How the UK's Invest 2035 Strategy Empowers Data Professionals and Business Leaders

Eden Smith • June 25, 2025

With the UK’s   “Invest 2035” modern industrial strategy now live, business leaders and data professionals face both a unique challenge and opportunity. This 10‑year blueprint, reinforced by £22 bn+ in R&D funding and deep energy policy reforms, puts digital transformation, AI, and data-enabled innovation at the centre of national productivity.


For business and data professionals alike, this is a wake-up call to align, adapt, and lead.

In this article we wanted to explore how our community, as data professionals and as business leaders, can respond to elevate their professional careers and lead in business.

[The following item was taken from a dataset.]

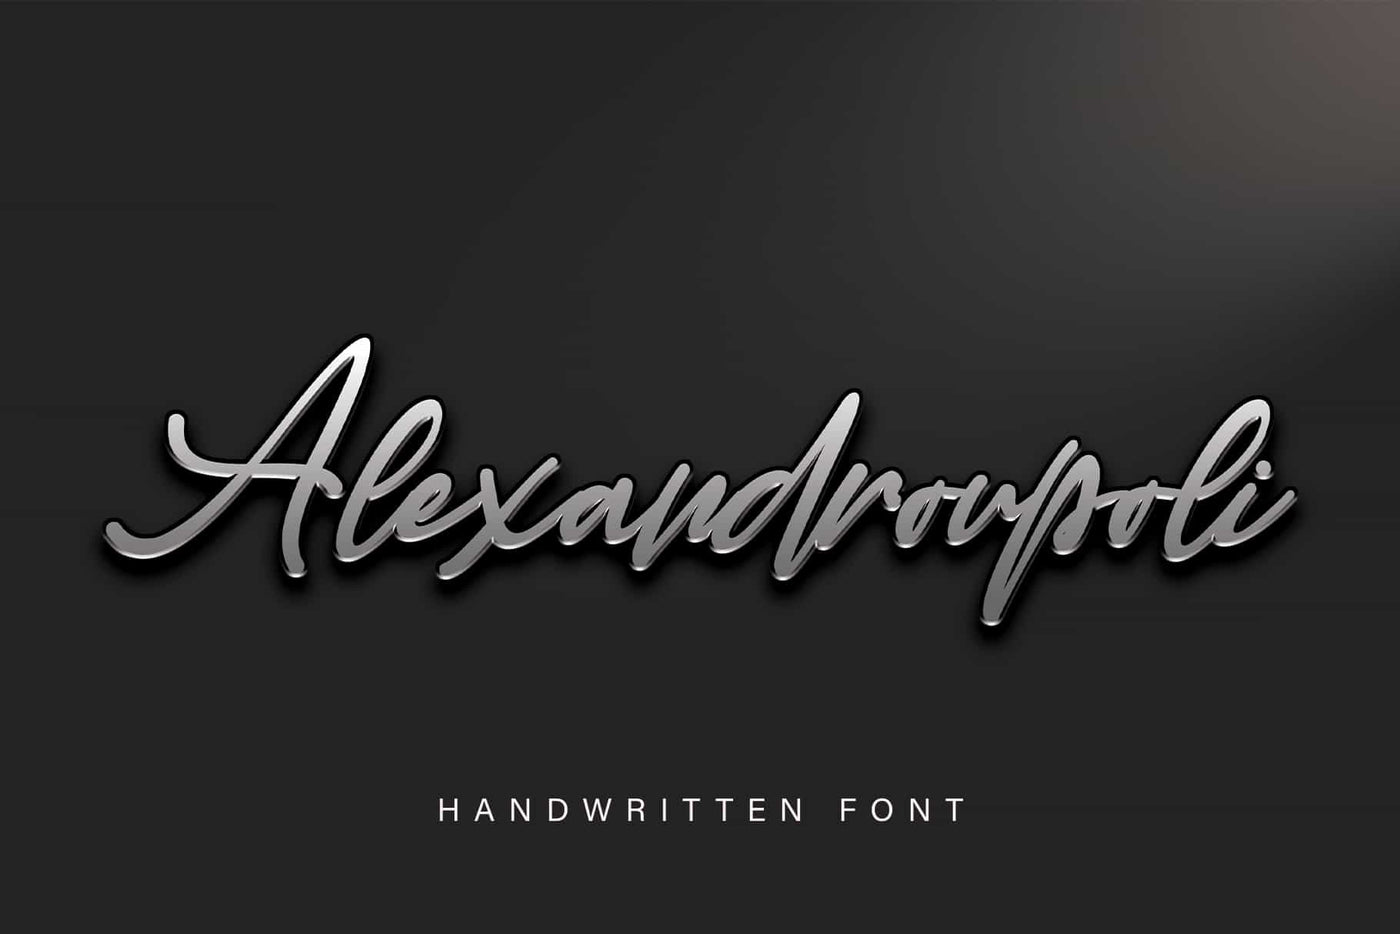 The Superlative Font Bundle - 62 Elegant Fonts - Artixty

Guidance for Data Professionals at Every Stage


Entry-Level (Career Starters)

e.g. recent grads, bootcamp completers, apprentices


Key Advice:

  • Build foundational skills fast: Focus on SQL, Python, Excel, data visualization (Power BI/Tableau), and cloud basics (Azure, AWS).
  • Work on real projects: Freelance, open-source, or personal projects build credibility.
  • Apply even if you’re not 'ready': Hiring is now based more on potential and portfolio.
  • Use new routes: Look at apprenticeships, graduate schemes, NHS Digital, ONS, GDS.
  • Understand your chosen sector: Data needs vary across retail, charities, health, energy.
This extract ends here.